What is an atomic instruction?
LINK: https://www.quora.com/What-is-an-atomic-instruction
This term is applied to instructions that execute two or more separate accesses to memory using two or more separate bus cycles. It is possible that another device executes a bus cycle between these two and the final content of the memory referenced in the operation becomes erroneous.
The x86 ISA includes several instructions of this type. All of them execute a read-modify-write operation. Example:
00 00 ADD [BX+SI],AL
This instruction reads the memory addressed by the BX and SI registers, adds the content of AL and writes the result back. An interrupt cannot intervene in this sequence but another device (another CPU or DMA) can take the bus between the read and the write and overwrite the content. As a result the final content will be wrong from the perspective of both processors.
To ensure correct result, the CPU must guarantee atomicity: no other device overwrites the memory location between the read starts and the write finishes. Another device may still overwrite the memory location but only either before the read operation or after the write operation, never between them and finally the content will still be consistent.
Atomicity is especiay critical when the variable to be modified is a mutex, counting semaphore or similar piece of data that controls access to shared resources. Failure to ensure atomicity may result in two processors accessing a shared resource at the same time, permanent lock-up or similar disastrous behaviour.
There are two approaches to the problem.
First is implemented by x86 starting from its very first incarnation in 1978 by I8086.
So how to make an instruction atomic
1) Adding the LOCK prefix to any read-modify-write operation makes it atomic:
F0 00 00 LOCK ADD [BX+SI],AL
Here LOCK means lock the bus for exclusive use so no one else can access it.
2) The other approach is applied by ISAs that have no read-modify-write instructions at alk and require at least three instructions to atchieve it.
Example is ARM (and RISC in general). They have no atomic instructions per se, but have special load and store instructions that check atomicity violations between them.
retry:
E85C 0F00 LDREX R0,[R12]
1842 ADDS R2,R0,R1
E84C 2300 STREX R3,R2,[R12]
B103 CBZ R3,return
E7F8 B retry
return:
(here the EX in LDREX and STREX stands for exclusive)

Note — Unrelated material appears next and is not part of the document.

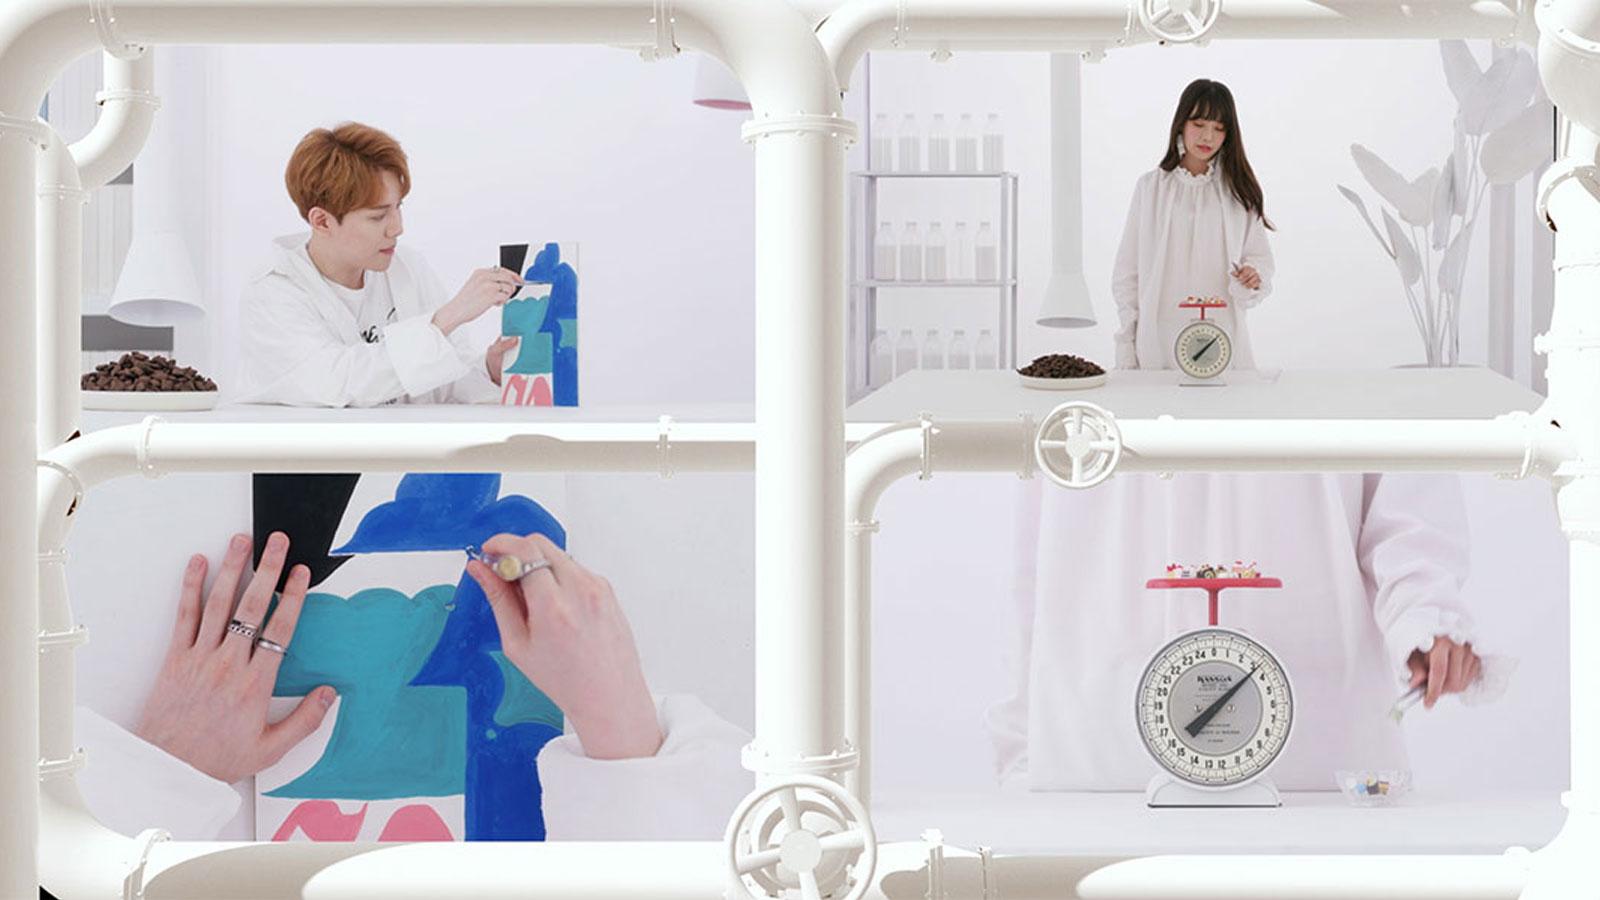 - KELLOGG x park kyung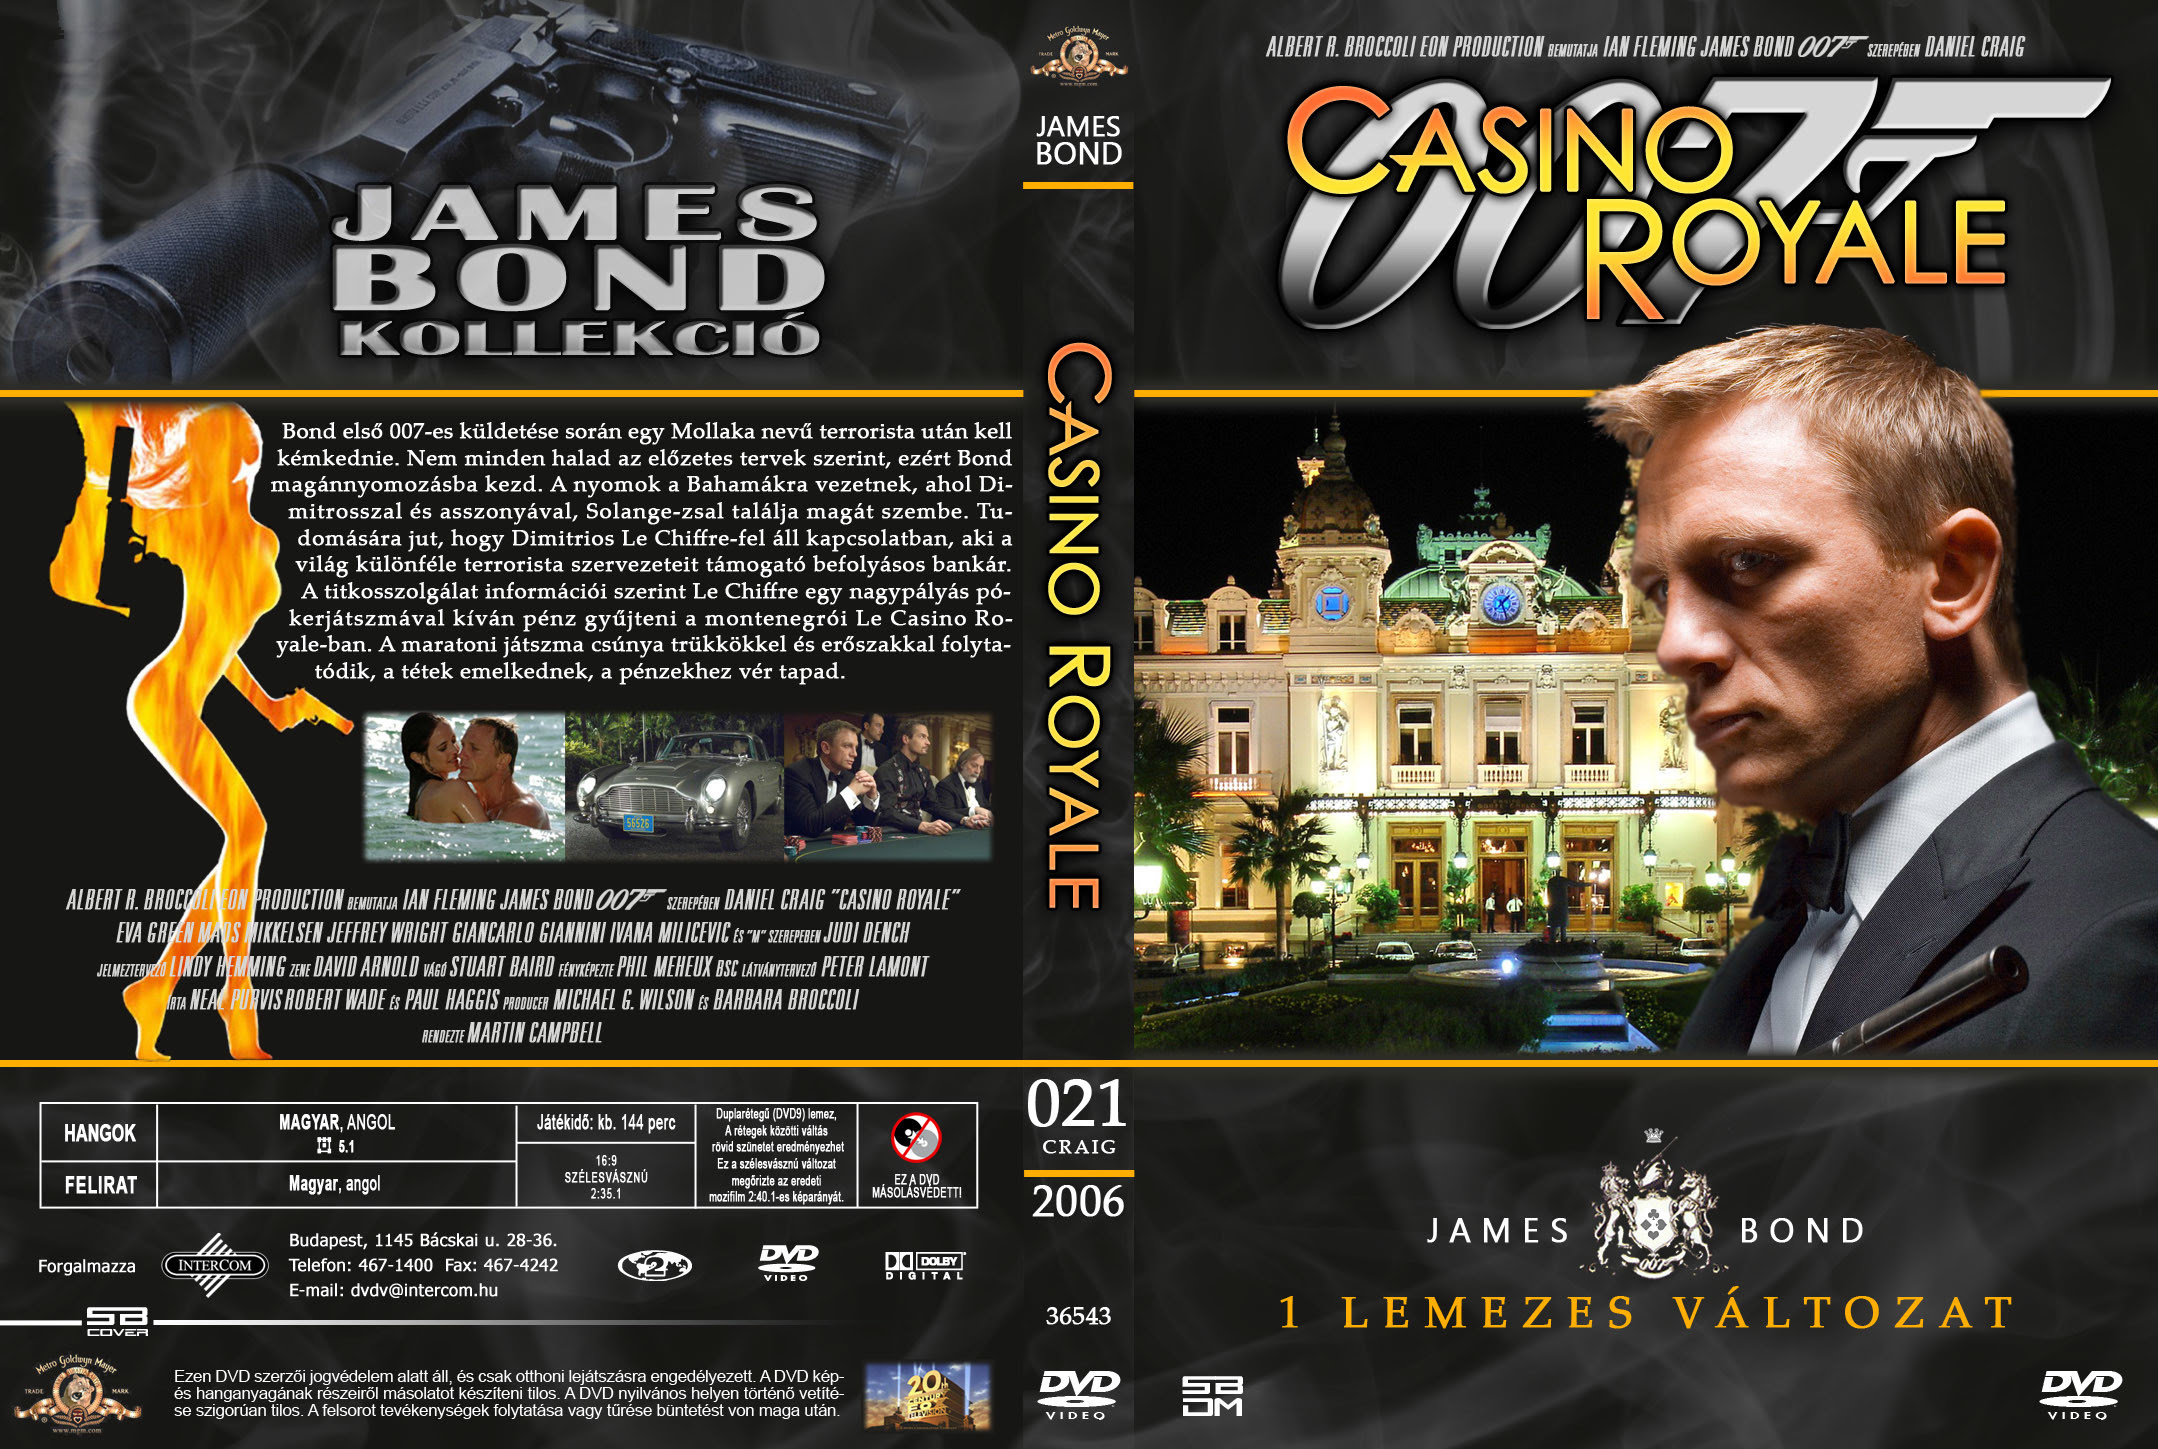 Casino royale watch online free movie

Both approaches introduce implementation penalty and both have their pros and cons. The ARM approach involves at least four instructions, two additional registers and a loop; interrupts may have to be disabled before the sequence. The x86 approach limits the atomic operations to some of the available read-modify-write instructions: there is no way to guarantee atomicity if the operation requires more than one instruction and surprisingly, some read-modify-write instructions, shift and rotate in particular, do not allow LOCK. LOCK is not allowed with any other instruction as well. This may compromise consistency when reading from or writing to unaligned address, which requires again two bus cycles.
And finally, there are antiquated ISAs that were never meant to be used in multiprocessor configurations: they cannot guarantee atomicity at all.